Problem overview
Feb 06 02:47:39.469 [err] do_main_loop(): select failed: No buffer space available [WSAENOBUFS ] [10055]
If your Tor server is experiencing a problem with "[WSAENOBUFS] [10055]" error messages while running Tor, you are experiencing Bug #98 (moved). This is a well known, and apparently commonly experienced, bug with running Tor servers on non-server versions of Microsoft Windows 98, ME, 2000, and XP.
The official Microsoft description for WSAENOBUFS is:
WSAENOBUFS
10055
No buffer space available.
An operation on a socket could not be performed because the system lacked sufficient buffer space or because a queue was full.
The WSAENOBUFS is related to a buffer used for data before and after it traverses the TCP/IP stack. As far as we can tell, there is no common hardware or software platform for those who experience this problem.
Running a Tor server on a vanilla XP install does not (easily) trigger the problem. But it can be consistently reproduced if you also run TCP/IP intensive applications such as P2P clients (Bit``Torrent, eDonkey, eMule, etc).
The result is that the activity overloads the TCP/IP stack. Since network drivers share the same buffers, often the whole network on the computer ceases to work, and it requires a reboot to fix.
Things that are not the problem
This error is entirely unrelated to the WSAENOCONN error WinXP Home and Pro users commonly experience. The error messages are different: WSAENOCONN causes Event Log entries such as "EventID 4226: TCP/IP has reached the security limit imposed on the number of concurrent TCP connect attempts". TCPIP.SYS in XP is hardcoded to a limit of 10 half-open connections per second. A sufficiently high bandwidth Tor exit server WILL experience this error, but this does not cause Tor to crash (though it does cause some outbound connections to fail, and eventually we should build some workarounds for this). Speed``Guide.net provides a [detailed explanation].
So what IS the problem?
We're not totally sure. But we have a theory.

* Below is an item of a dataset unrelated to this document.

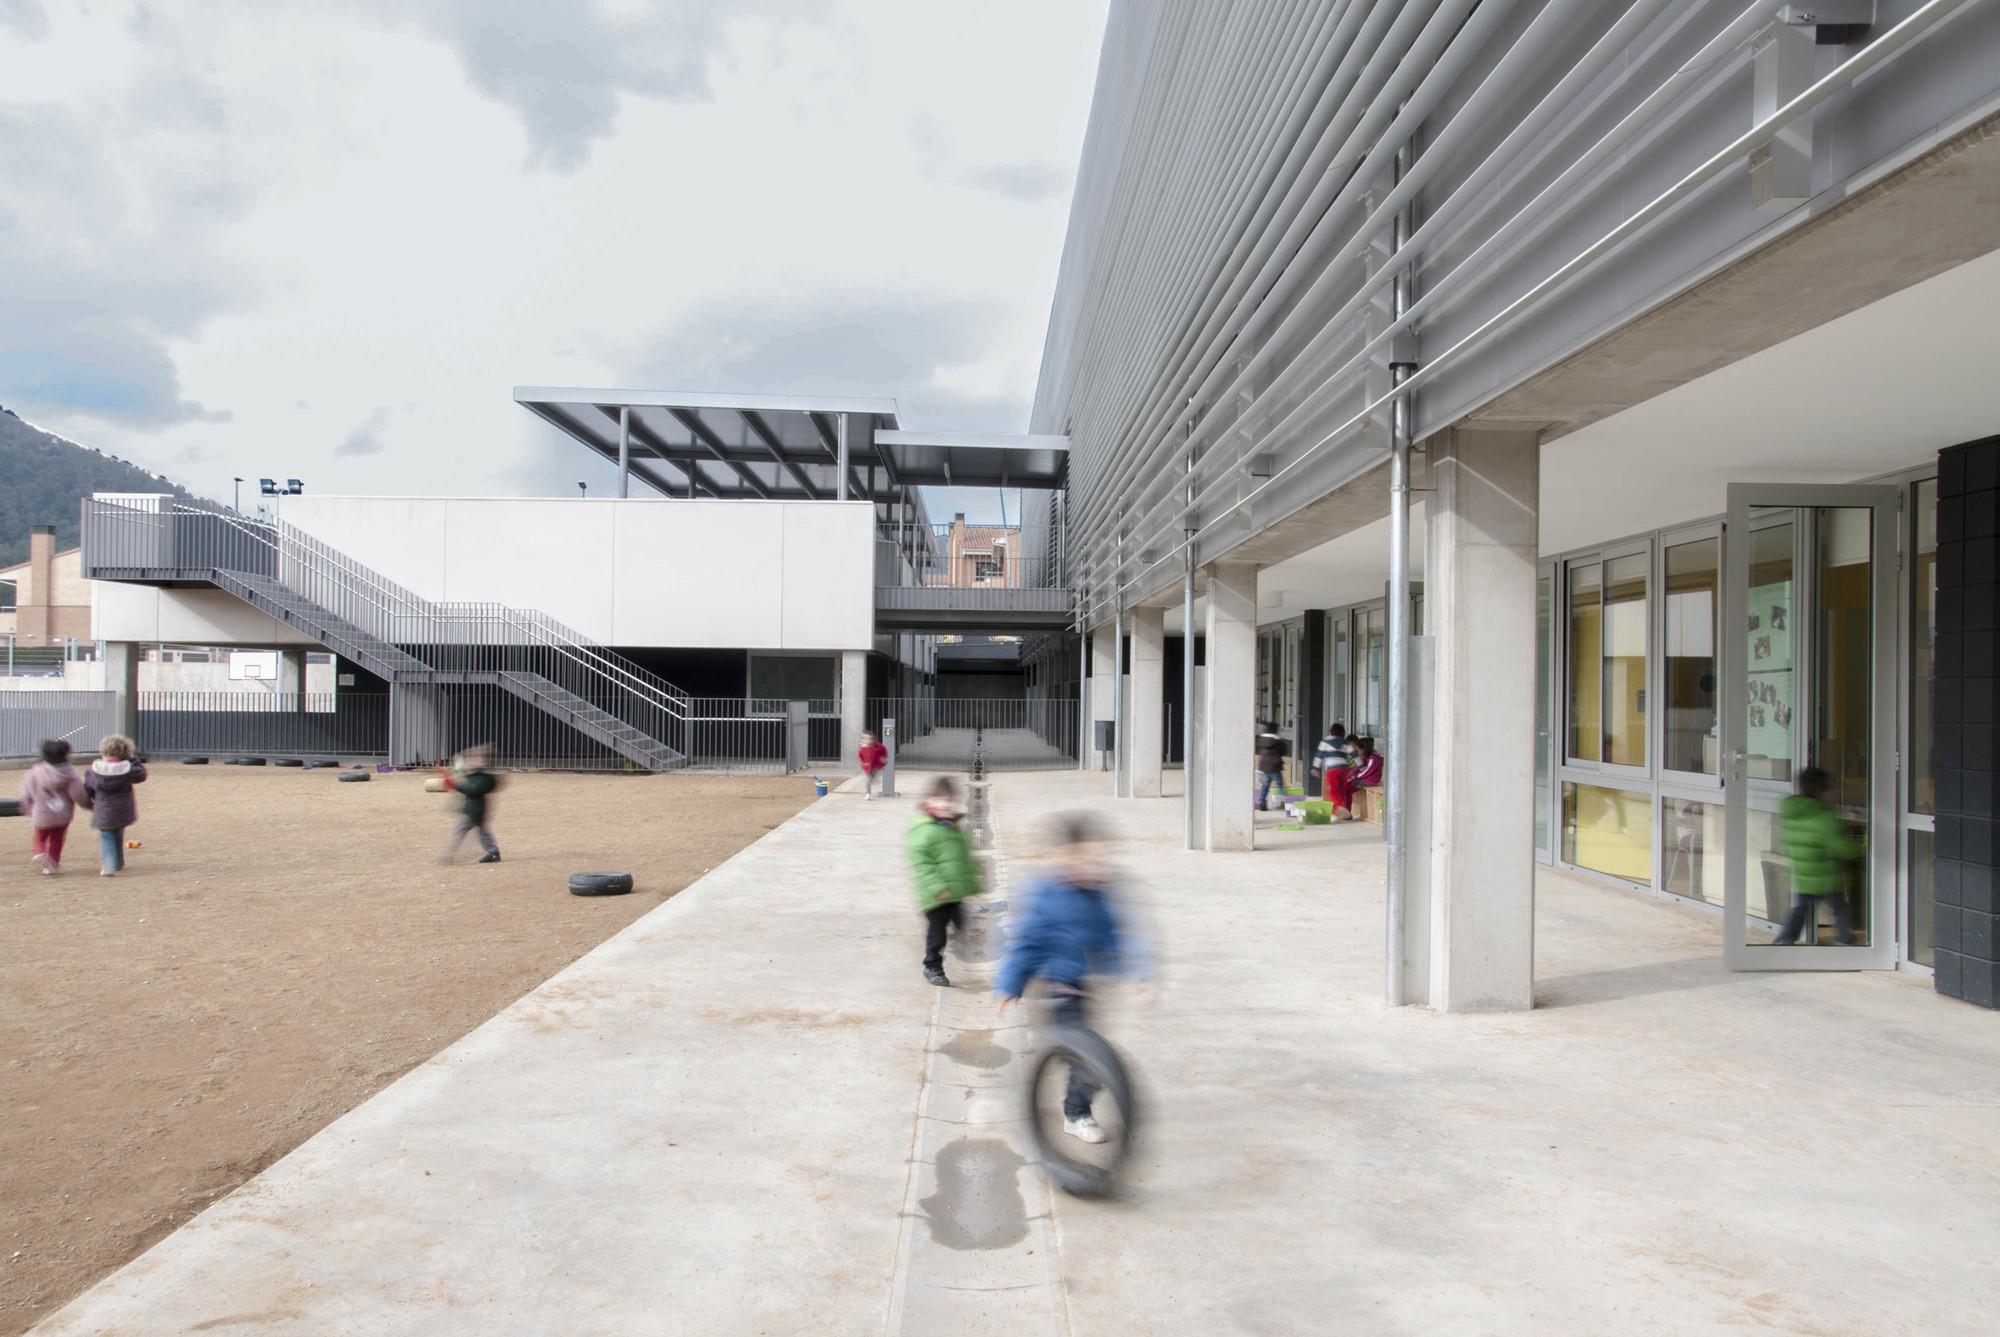 New Cervelló School / BCQ Arquitectura, Courtesy of BCQ Arquitectura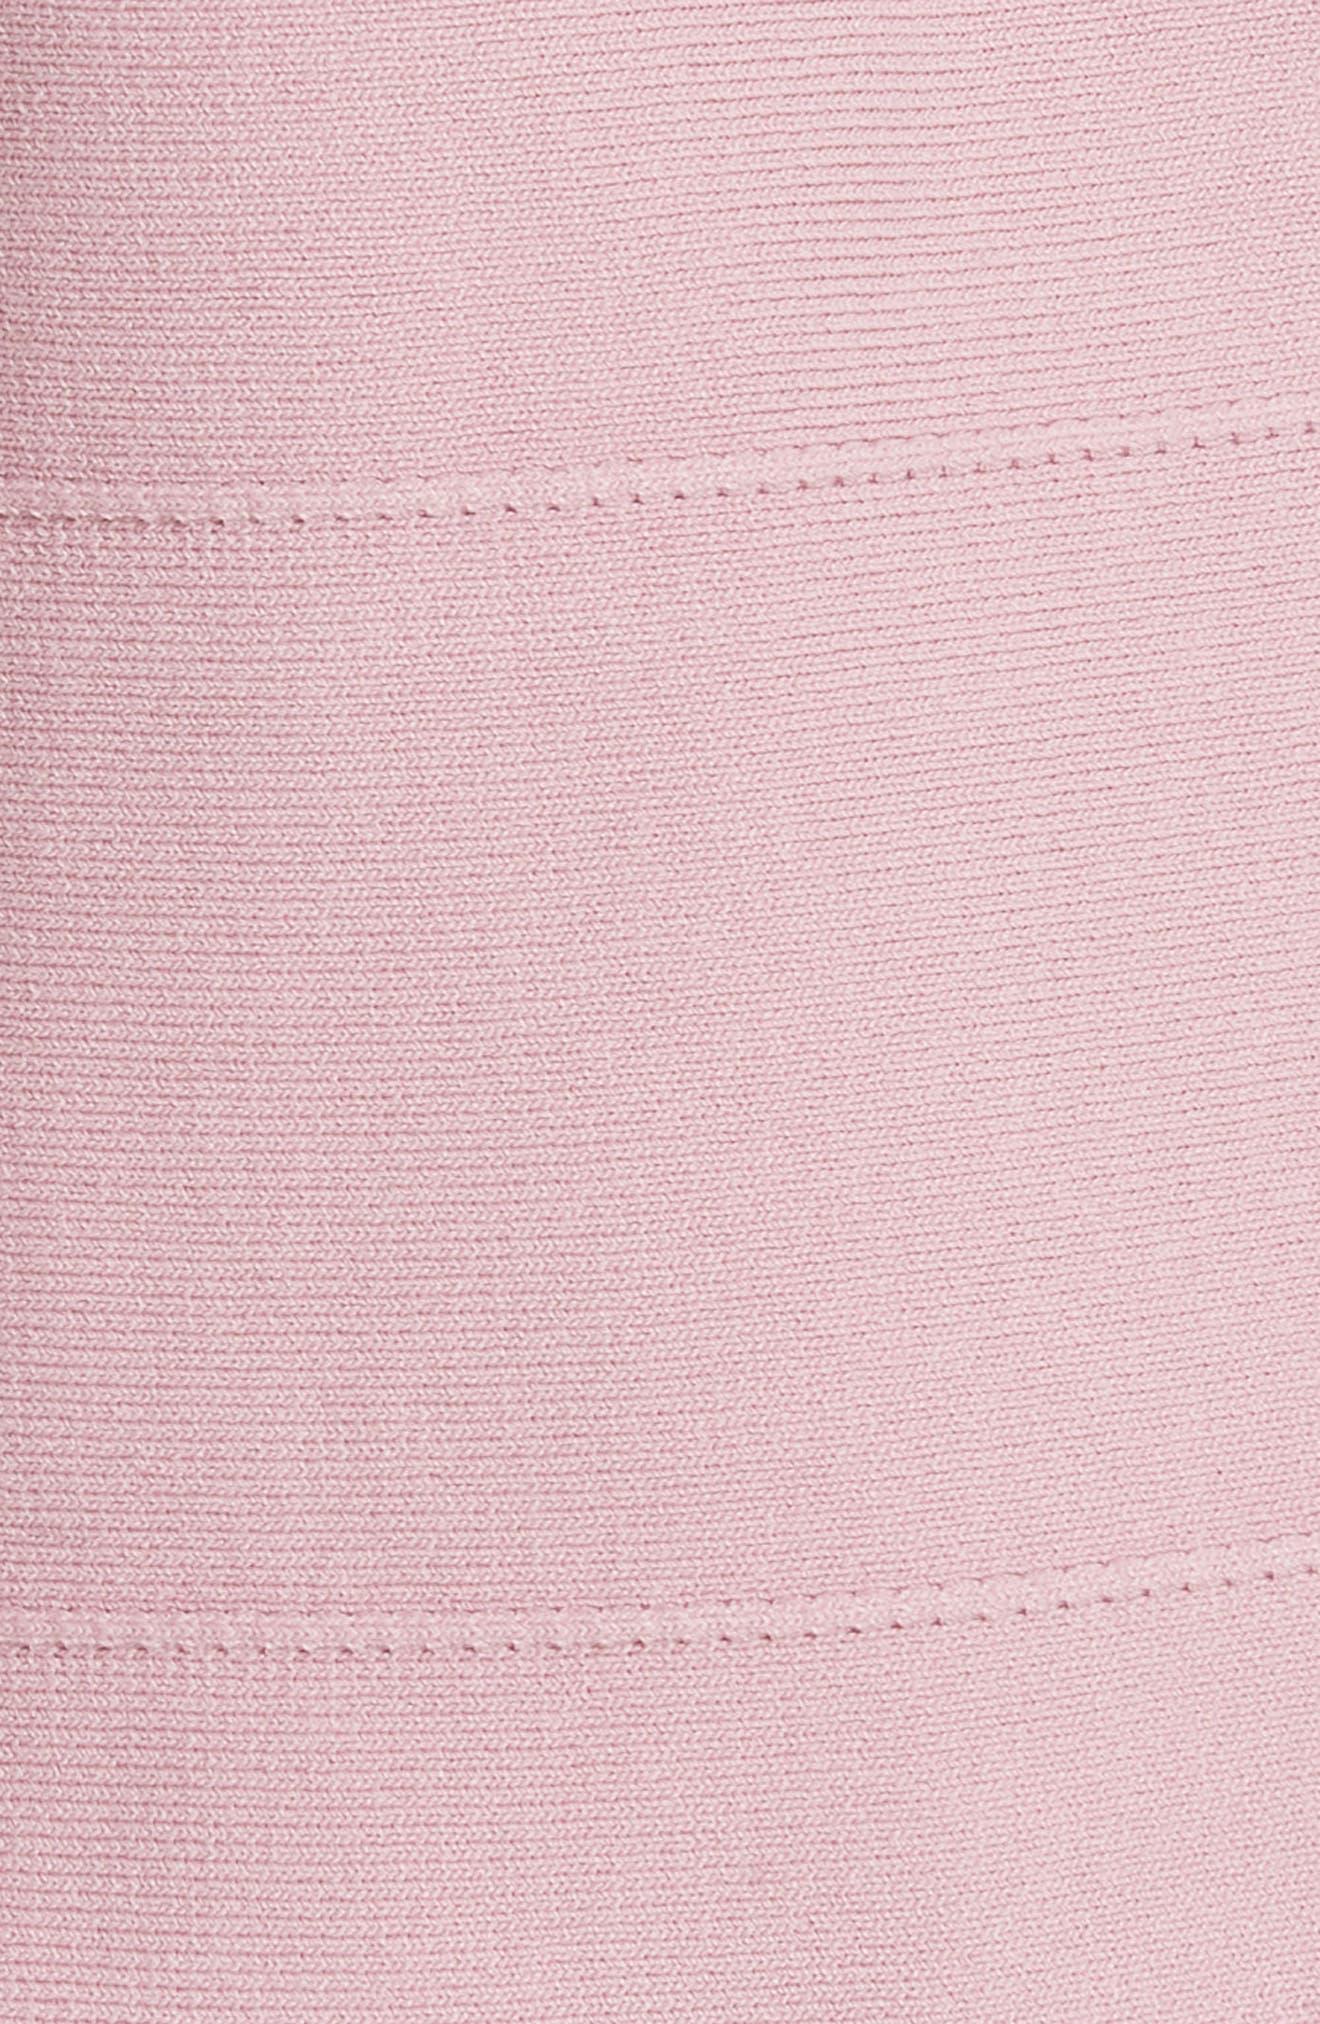 Bow Neck Knit Top,                             Alternate thumbnail 5, color,                             Dusky Pink

First, some background. One of the ways Windows does networking with lots of connections at once is with an approach called "overlapped IO". Basically you hand it a socket, a length, and a buffer, and tell it to either read or write, and Windows will take it from there and let you know when it's done.
http://www.codeproject.com/internet/IOCP_Server_client.asp?msg=1187159
With every overlapped send or receive operation, it is possible that the data buffer submitted will be locked. When memory is locked, it cannot be paged out of physical memory. The operating system imposes a limit on the amount of memory that can be locked. When this limit is reached, the overlapped operations will fail with the WSAENOBUFS error.
But Tor doesn't use overlapped IO: it uses the select() system call to learn when sockets are available for reading or writing, and then uses non-blocking writes and reads to send and receive data.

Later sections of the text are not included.